ORDER DENYING PLAINTIFF GLADYS SIPES'S MOTION FOR RELIEF FROM JUDGMENT
J. DANIEL BREEN, Chief District Judge.
Before the Court is the motion of Plaintiff, Gladys Sipes, for relief from its June 24, 2014, judgment, pursuant to Rule 60(b) of the Federal Rules of Civil Procedure. (Docket Entry ("D.E.") 64.) Defendants, Madison County, the Madison County Sherriff's Department, and a number of law enforcement officials, responded on October 20, 2014. (D.E. 66.) The motion is now ripe for disposition.
On June 4, 2012, this action was brought on behalf of the decedent, Christopher Baron Reid, by Sipes, who is Reid's mother and representative of the estate, and Brandy Collins, his sister. (D.E. 1.) The complaint included several state law claims along with allegations that Defendants deprived Reid of his constitutional rights while acting under color of law in violation 42 U.S.C. § 1983. ( Id. at 7-17.)
Defendants filed a motion for summary judgment, (D.E. 49), and the Court granted it in part on May 16, 2014. (D.E. 60.) The order dismissed the state law claims, which Sipes and Collins abandoned, and the claims brought in their individual capacity because Sipes and Collins were not the proper parties to bring suit on behalf of Reid under Tennessee state law. ( Id. at 5-8.) As the decedent's sibling, Collins's right to bring suit was inferior to Sipes's as his mother. See Tenn.

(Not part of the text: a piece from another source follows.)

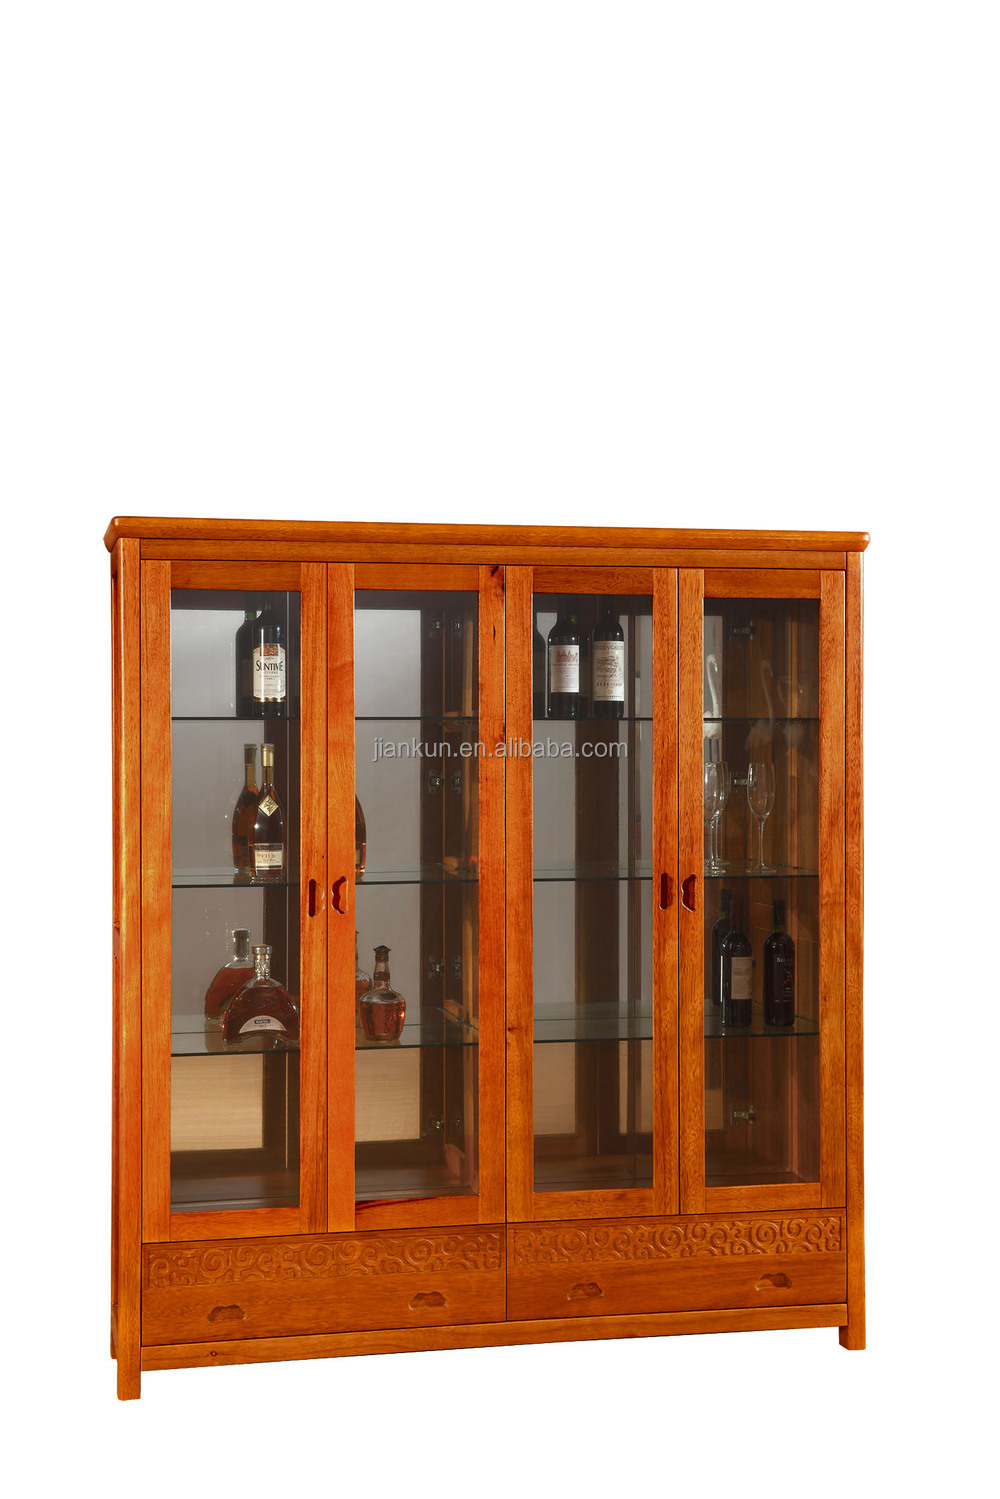 Living Room Furniture Kerala solid wood livingroom furniture kerala wood furniture - buy kerala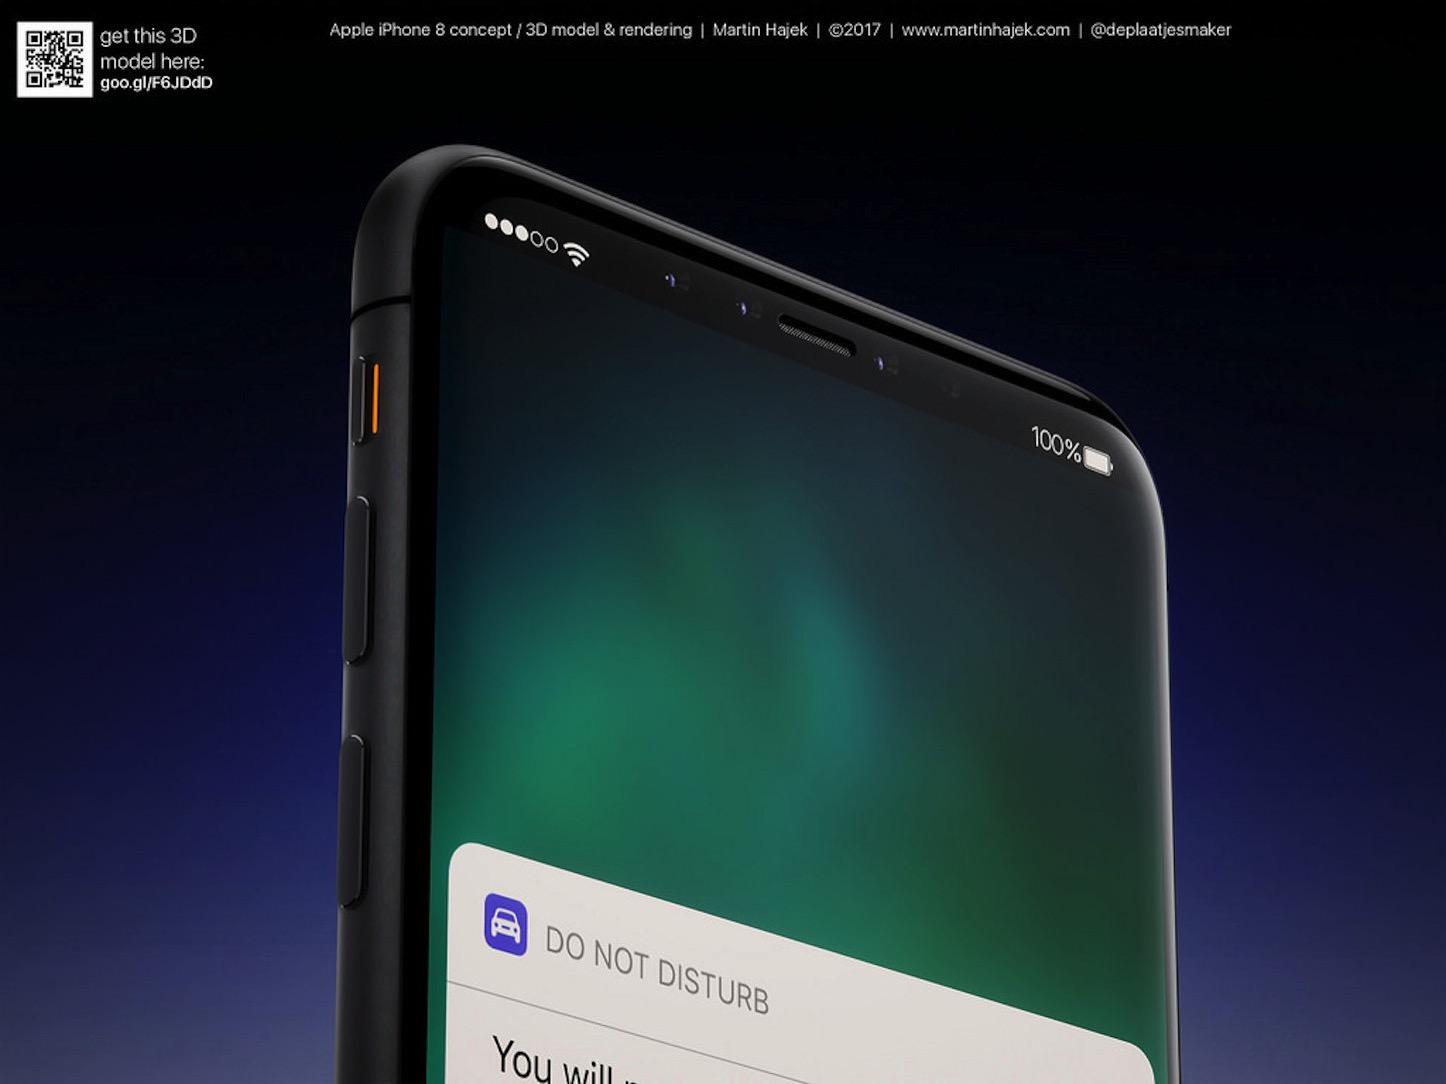 iPhone-Pro-8-Martin-Hajek-Reders-2.jpg

Code Ann. § 31-2-104. Sipes's right to sue in her individual capacity was, in turn, inferior to that of Reid's son, whose existence Sipes acknowledged in her deposition. See Tenn. Code Ann. § 20-5-106(a). Because the child, as the statutory beneficiary, was the real party in interest, the Court also held that Sipes could not maintain the action on behalf of the estate unless he was named in the complaint and ratified the lawsuit. (D.E. 60 at 9-10.) Sipes received thirty days to file an amended complaint including Reid's son and to obtain consent from his parent or guardian, or she would face dismissal for lack of standing. ( Id. at 10.)
By June 17, 2014, the thirty day period to amend the complaint had passed without Sipes making any filing, and Defendants moved to dismiss the case for failure to prosecute. (D.E. 61.) The Court granted their motion for summary judgment as to all remaining claims, (D.E. 62), and entered final judgment in Defendants' favor on June 24, 2014, (D.E. 63).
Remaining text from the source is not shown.